Please return the listing exactly as written, but without its pictures.

[Supplied data Boundary: Start]

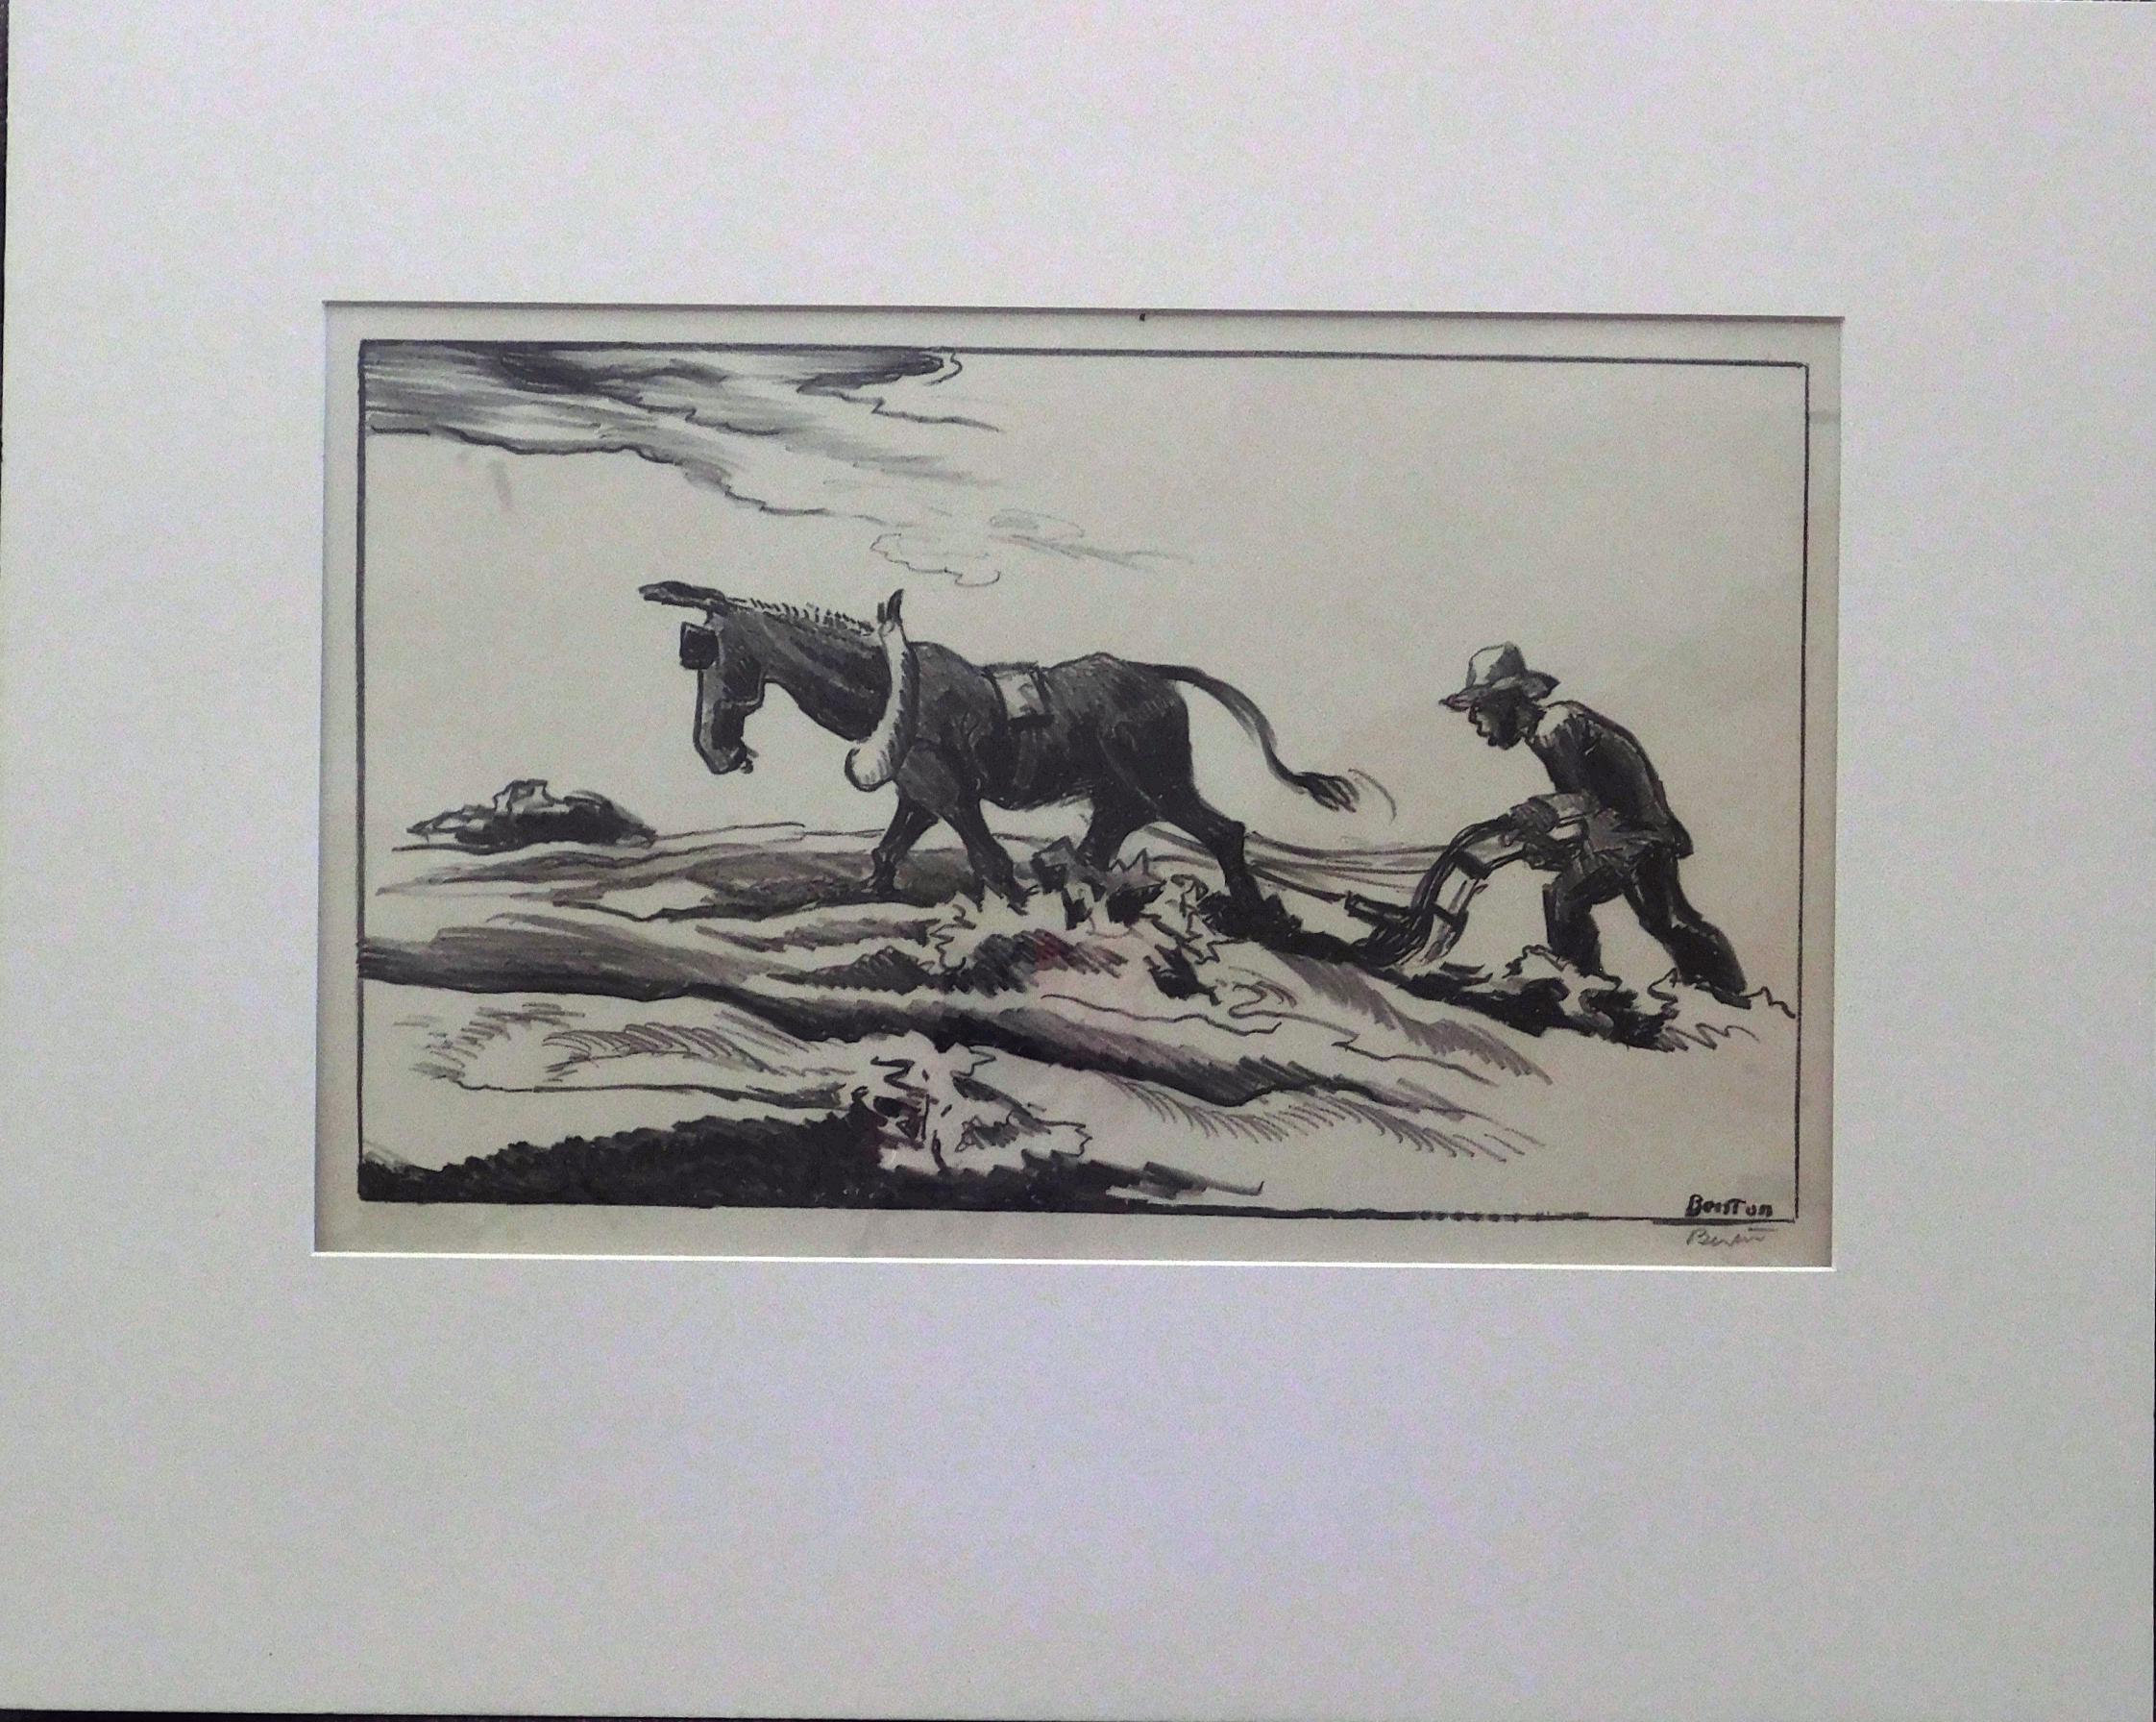 Thomas Hart Benton (1889-1975) Original Steinlithographie.
Titel: Unterpflügen (auch Ploughing), 1934. 
Ungerahmt und präsentiert in einem 4-lagigen Museumspassepartout.
Bildgröße: 8

[Supplied data Boundary: End]

Response box
 Thomas Hart Benton (1889-1975) Original Steinlithographie.
Titel: Unterpflügen (auch Ploughing), 1934. 
Ungerahmt und präsentiert in einem 4-lagigen Museumspassepartout.
Bildgröße: 8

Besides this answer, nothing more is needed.